→ PROBLEM REQUIREMENTS
Reproduce the whole listing word for word. Leave every image out.

→ AVAILABLE DATA
▼

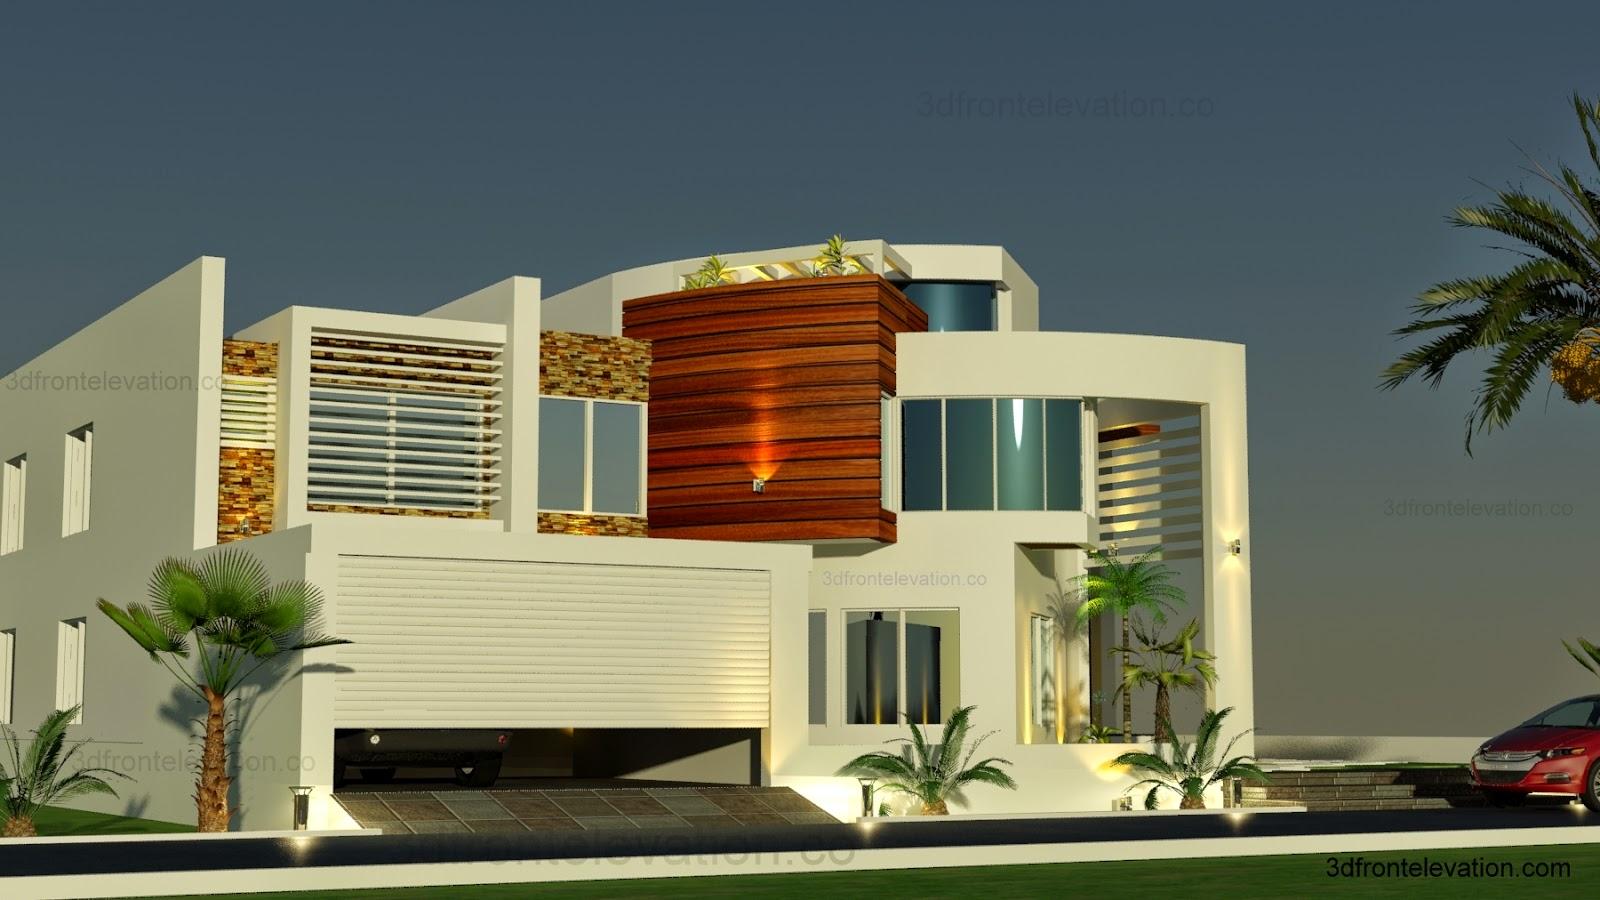 3D Front Elevation.com: Oman Modern Contemporary Villa 3D
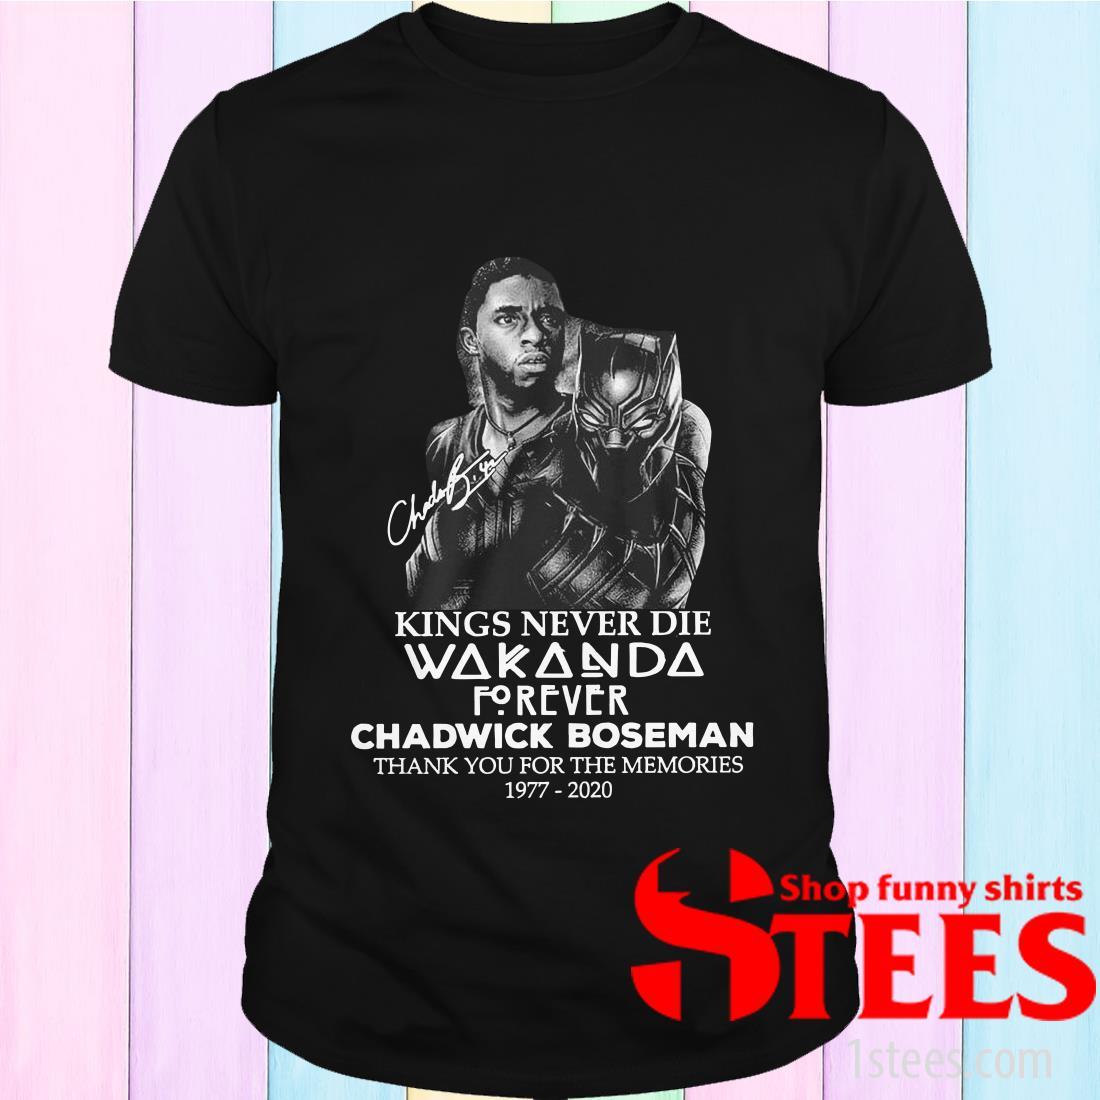 Kings Never Die Wakanda Forever Chadwick Boseman Thank You For The Memories 1977-2020 Shirt
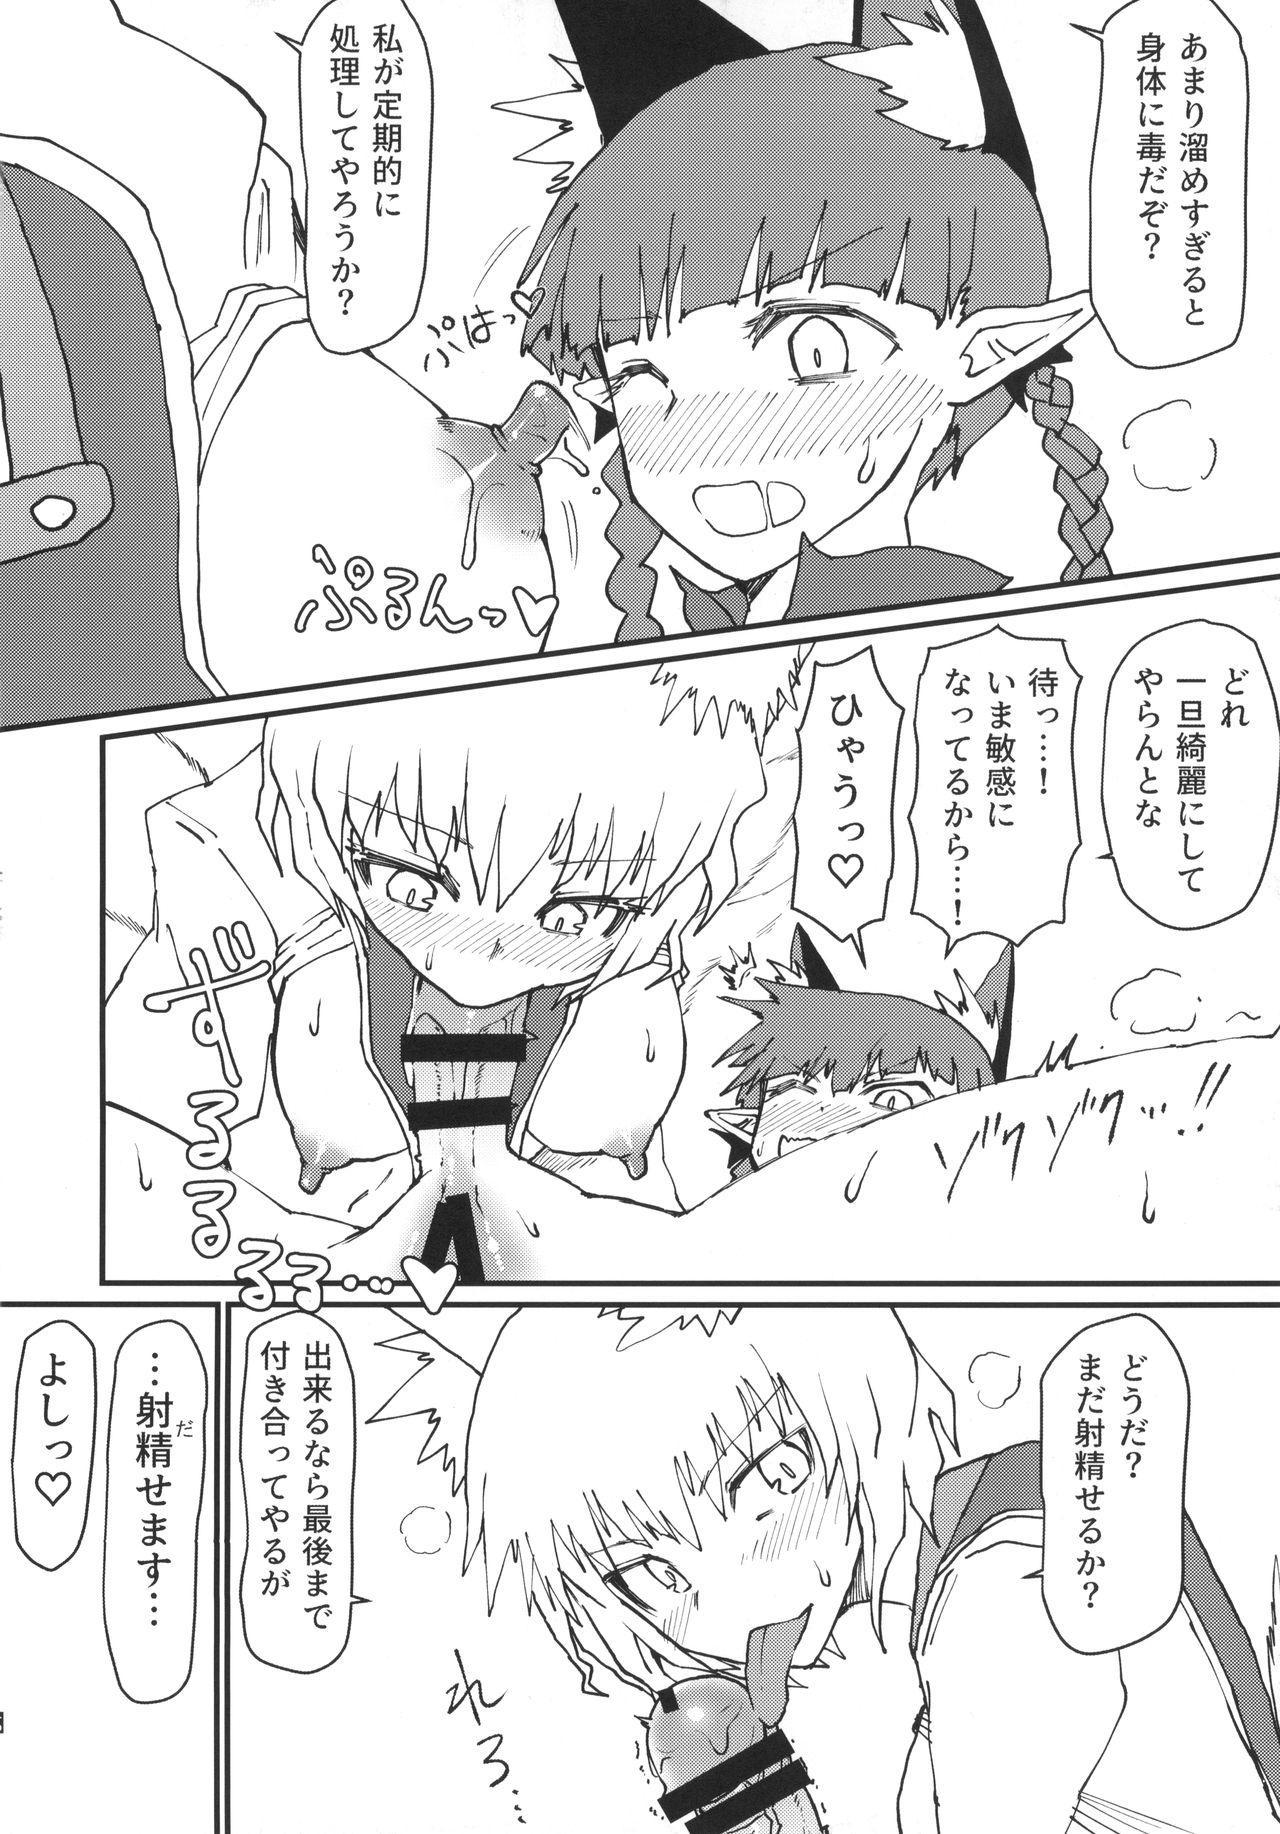 Orin-chan o Tappuri Amae Sasete Takusan Shasei Sasete Ageru Hon. 10
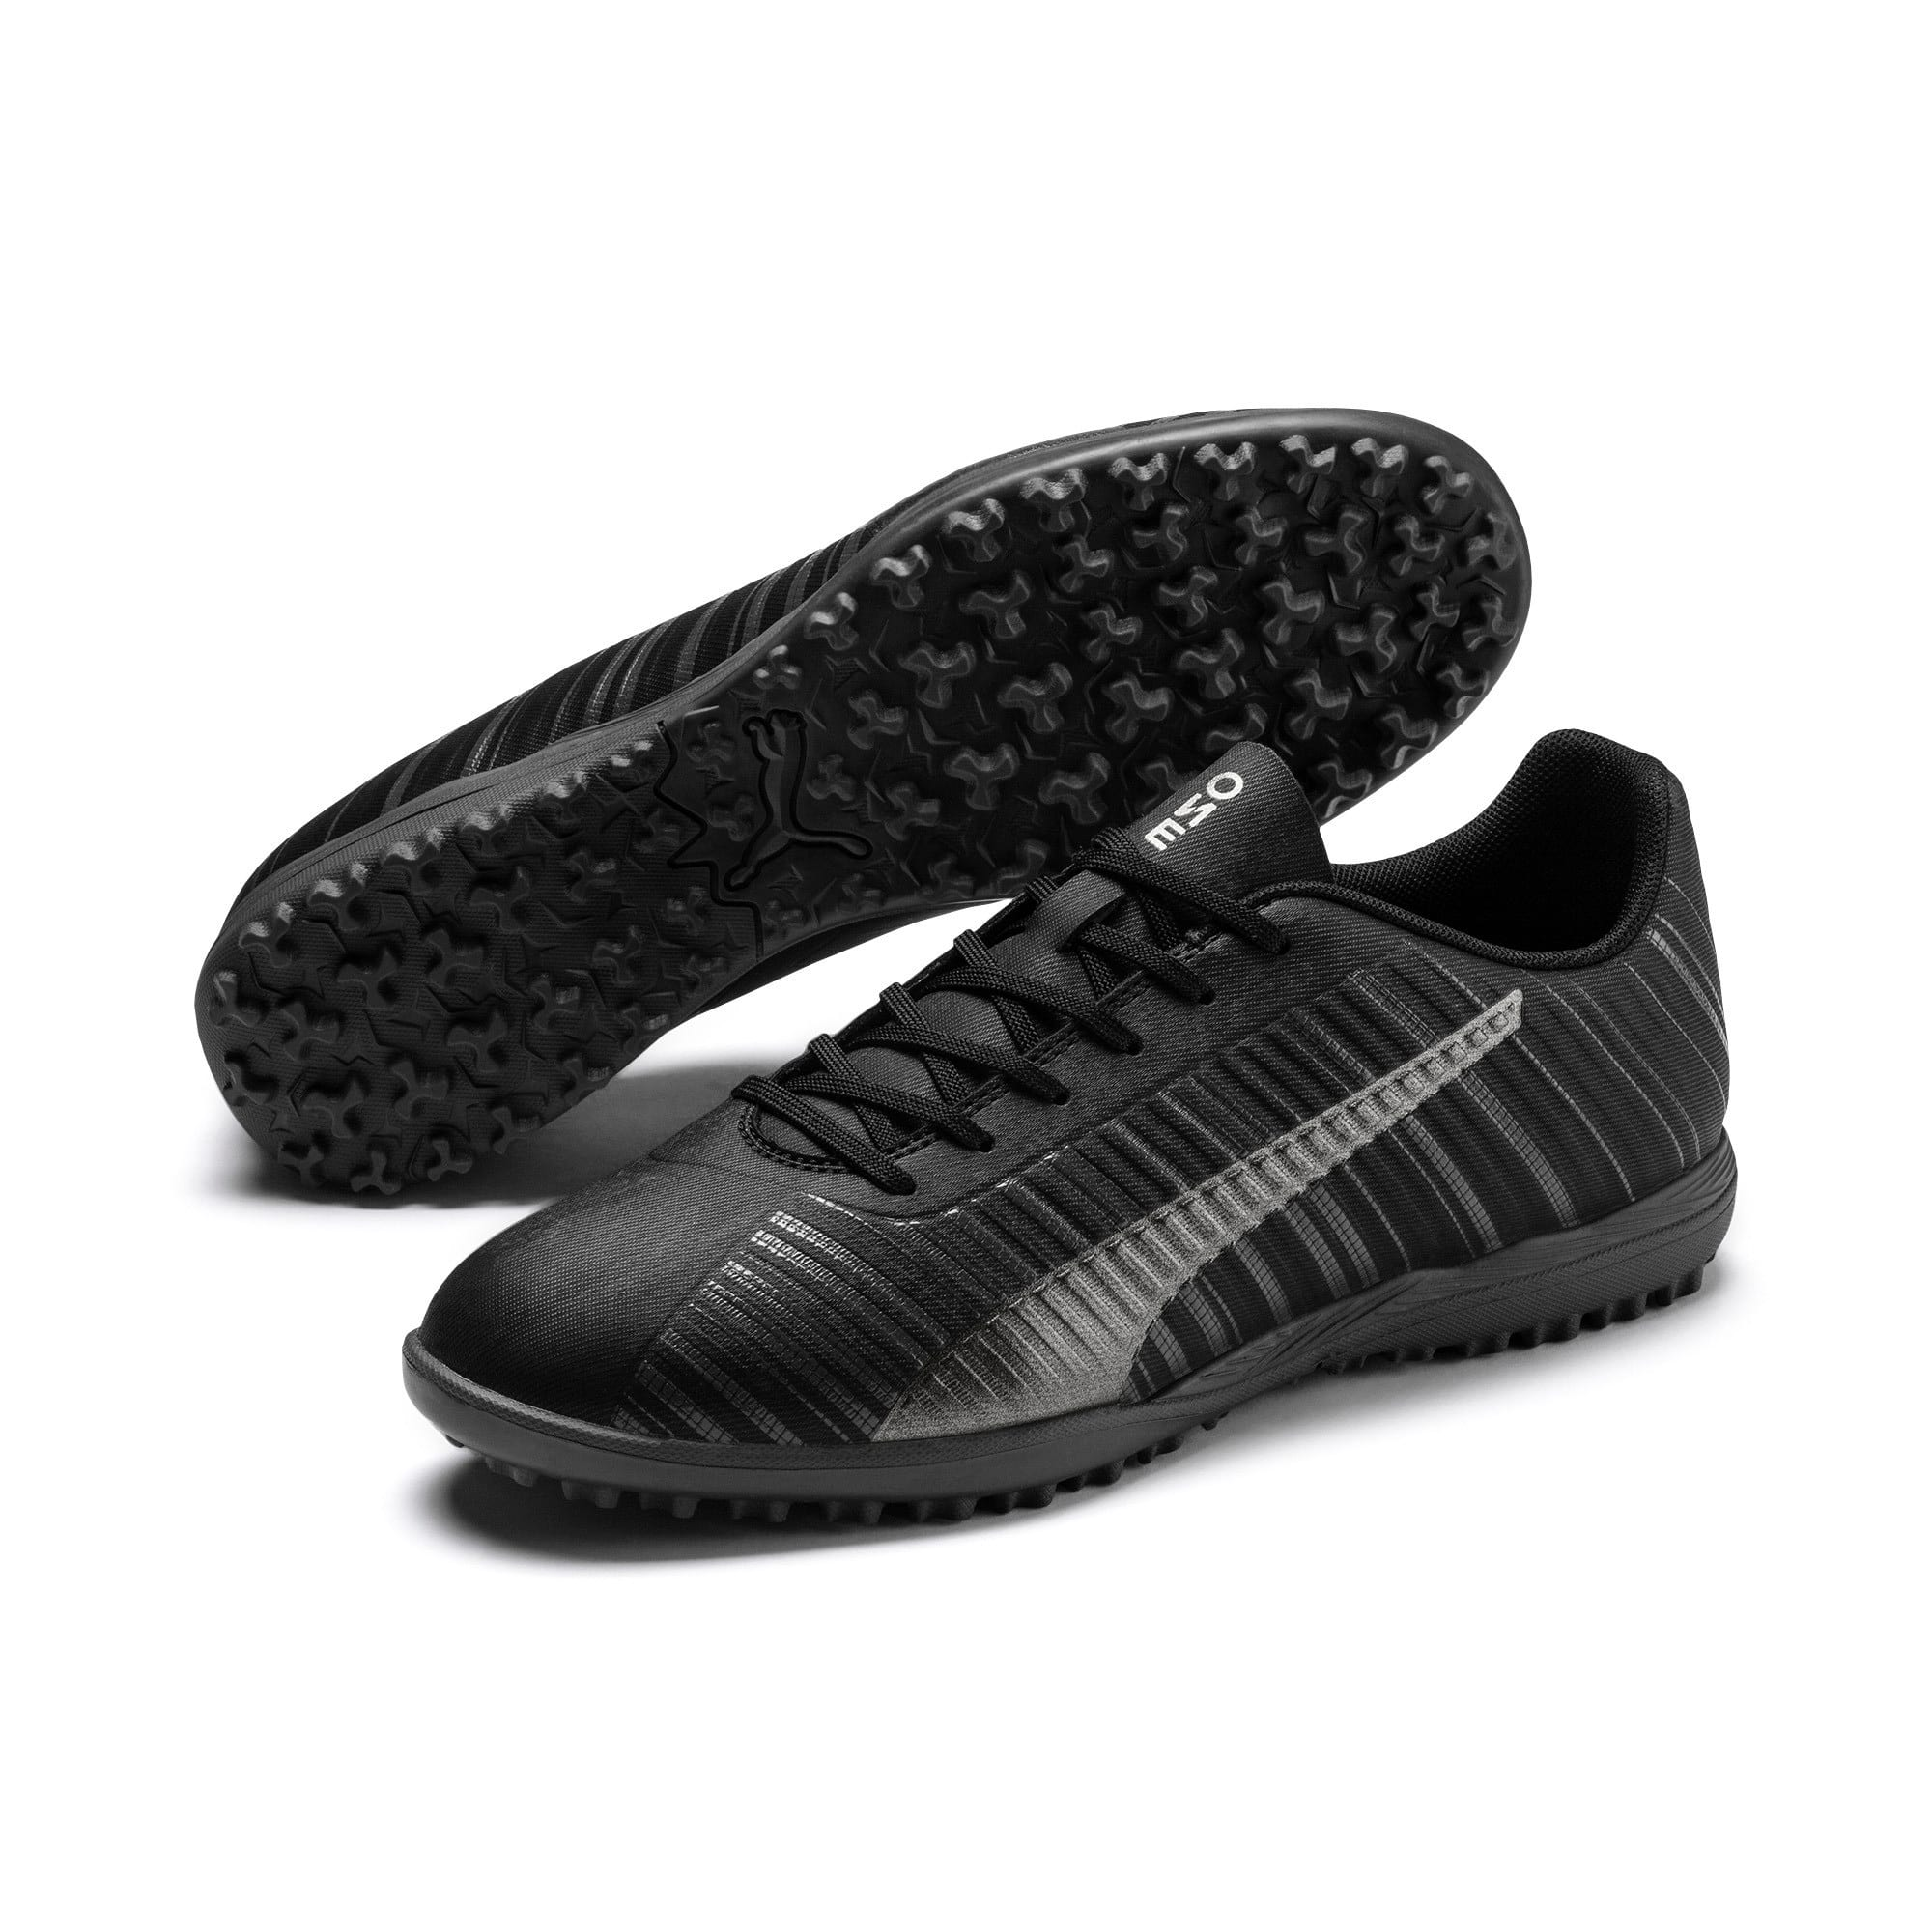 Thumbnail 3 of PUMA ONE 5.4 TT Men's Soccer Shoes, Black-Black-Puma Aged Silver, medium

▲

→ OUTPUT FOR THIS TASK
 3D Front Elevation.com: Oman Modern Contemporary Villa 3D
 Kings Never Die Wakanda Forever Chadwick Boseman Thank You For The Memories 1977-2020 Shirt
 Orin-chan o Tappuri Amae Sasete Takusan Shasei Sasete Ageru Hon. 10
 Thumbnail 3 of PUMA ONE 5.4 TT Men's Soccer Shoes, Black-Black-Puma Aged Silver, medium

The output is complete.